Un mes y medio después, el 5 de agosto, el que encontró la muerte fue Ibáñez, en un confuso accidente de autos. El que manejaba era Robledo, que resultó con heridas leves. "Para nosotros lo mató Carlos, pero no tenemos pruebas", dice el familiar de Ibáñez.
Para Robledo fue el primer "crimen tabú". El otro fue el de Dinardo.
Ante la Policía -es probable que bajo torturas- dio detalles de cada uno de los asesinatos. Con el tiempo cambió la versión y acusó a sus dos compinches, Ibáñez y Somoza (asesinado por Robledo el 3 de febrero de 1972) de cometer todos los asesinatos. "Yo sólo robaba, era un Robin Hood", dijo al autor de esta nota.
Robledo, su depresión y los enigmas de sus crímenes
Desde hace diez días, Robledo Puch se recupera de una neumonía multifocal que lo llevó, primero, a la internación en el Hospital Municipal de Olavarría, a doce kilómetros de la cárcel de Sierra Chica, donde cumple condena perpetua por tiempo indeterminado por 11 asesinatos cometidos entre 1971 y 1972. Ahora está alojado en el hospital de la cárcel de Olmos.
Puch está deprimido. Y sufre de asma y tiene EPOC, además de una obstrucción intestinal. "No quiero volver a la cárcel. Además hay un plan orquestado desde hace años para matarme, porque sé la verdad de todo esto. La Justicia no me quiere vivo, porque si hablo se va a demostrar que encarcelaron 47 años a un inocente", le dijo al cura que lo visita.

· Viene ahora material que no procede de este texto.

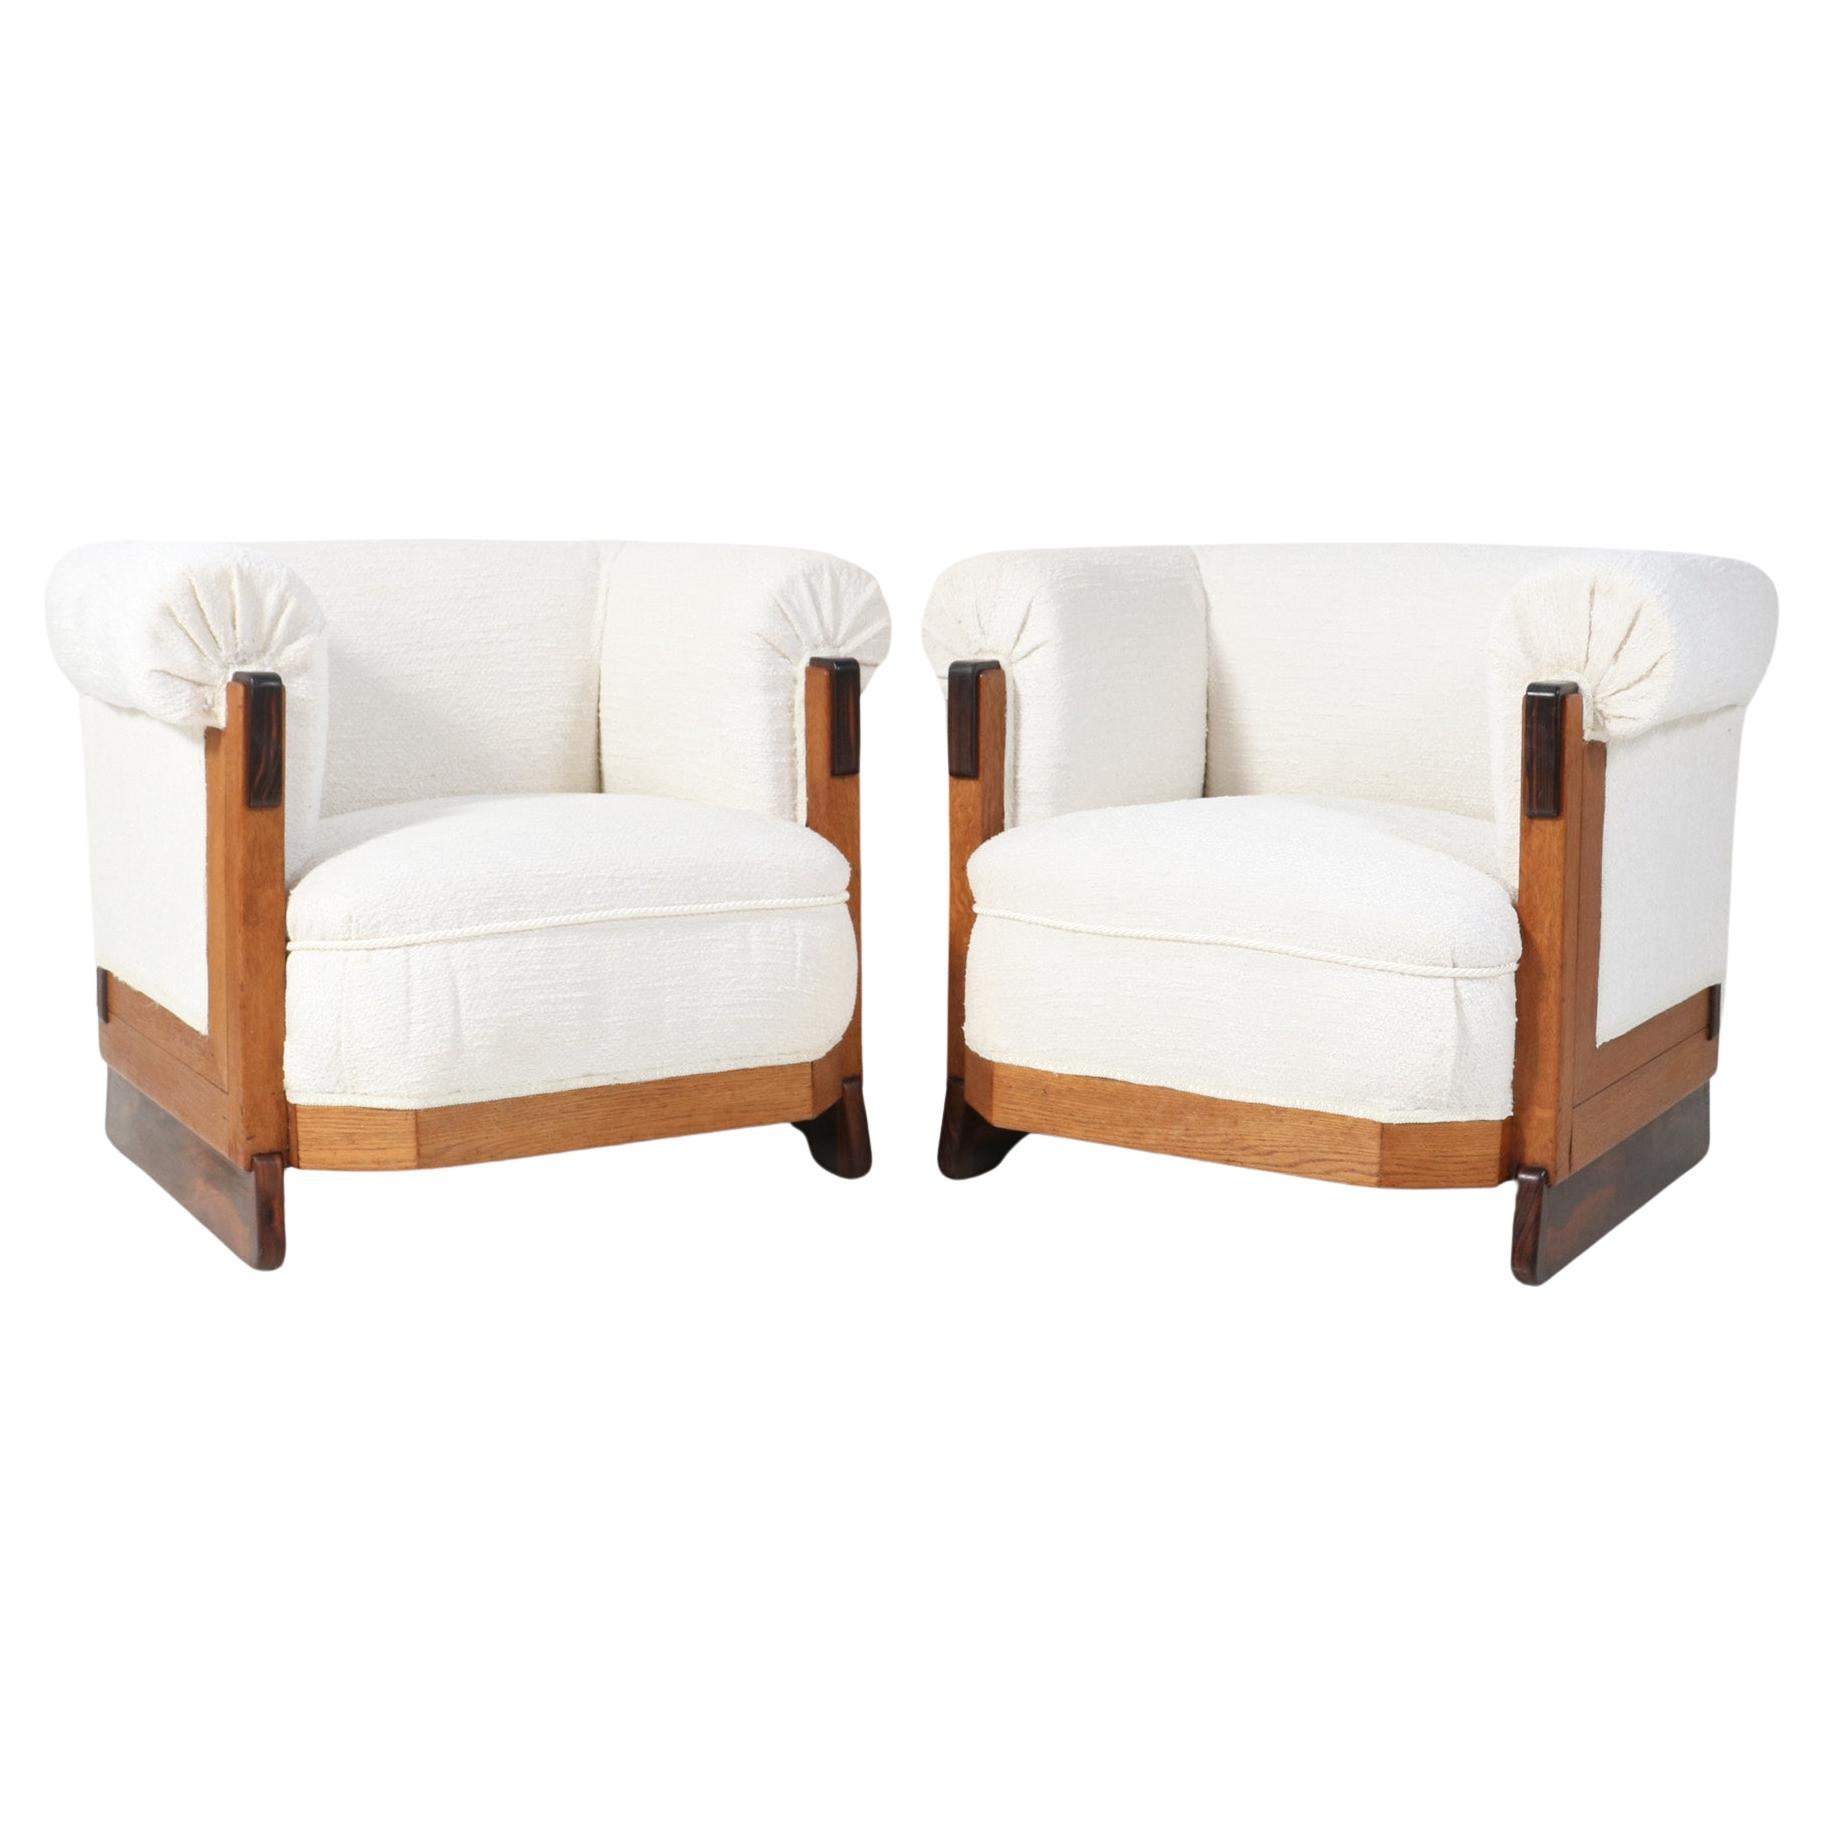 Two Art Deco Modernist Oak Lounge Chairs in Bouclé by Anton Lucas Leiden, 1920s For Sale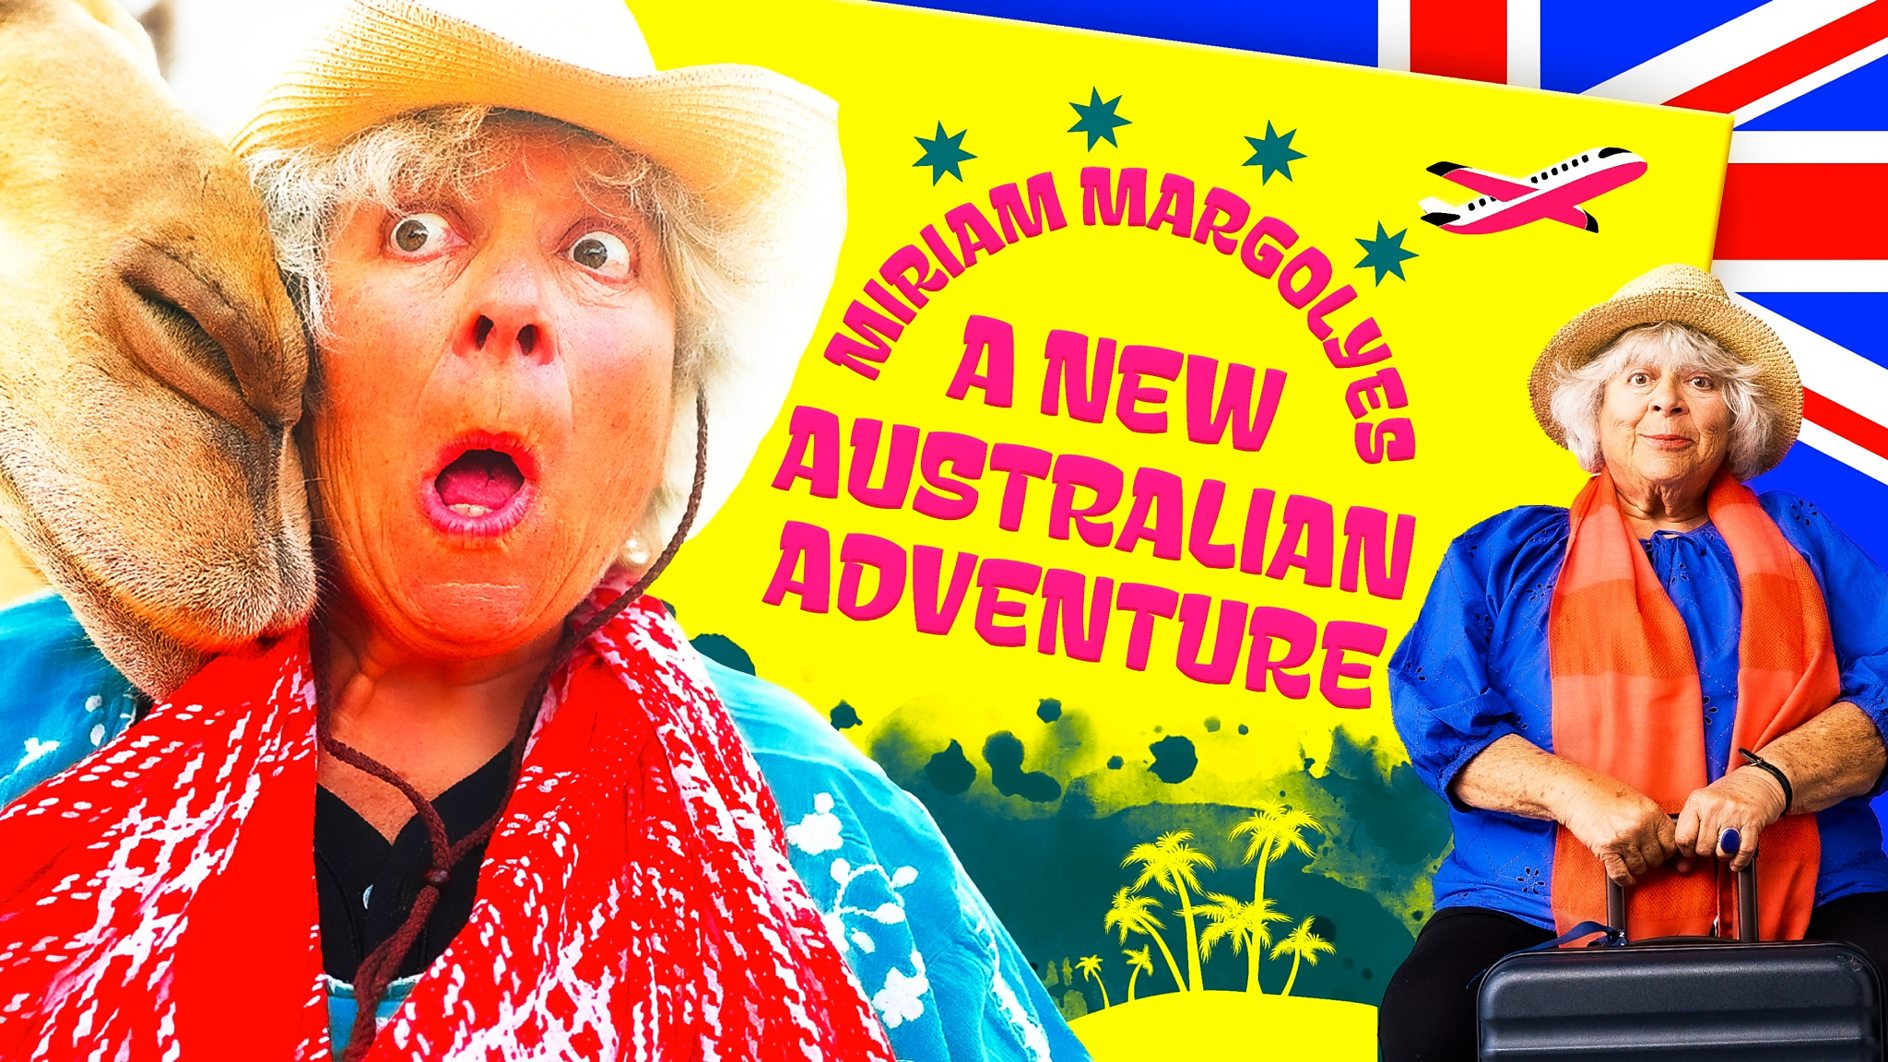 Miriam Margolyes: A New Australian Adventure premieres on BBC Two on August 2

Infobae tiene conocimiento de que solo a tres personas les dijo que había matado (no está claro que les confesó a los curas que lo confesaron ni a los pastores evangélicos que recibía en su celda).
"A mí me dijo que mató a 20", aseguró Raffo. "El pibe se hizo cargo de tres o cuatro boletas, el resto se la cargaron a la cuenta", asegura el Gordo Luis Valor, ex asaltante de blindados y líder de la superbanda. El otro rufián, cuyo nombre se mantiene en reserva, dijo que Robledo le contó con detalles cada uno de sus asesinatos.
Pero solo él tiene la verdad. No le quedaron sus cómplices, los peritos (de la defensa y acusadores) y los jueces que lo acusaron, murieron. Los familiares de sus víctimas quedaron aterrorizados o también dejaron este mundo. Hasta el hermano de Ibáñez falleció hace un año y se suponía que sabía más de lo que había dicho.
Aquella profecía de Robledo se cumple casi a la perfección: "Todos a mi alrededor mueren, los que estuvieron en el caso, sobre todo. Y yo quedo solo, más solo que antes, muriendo cada día, cada hora, viviendo este suplicio que no se termina".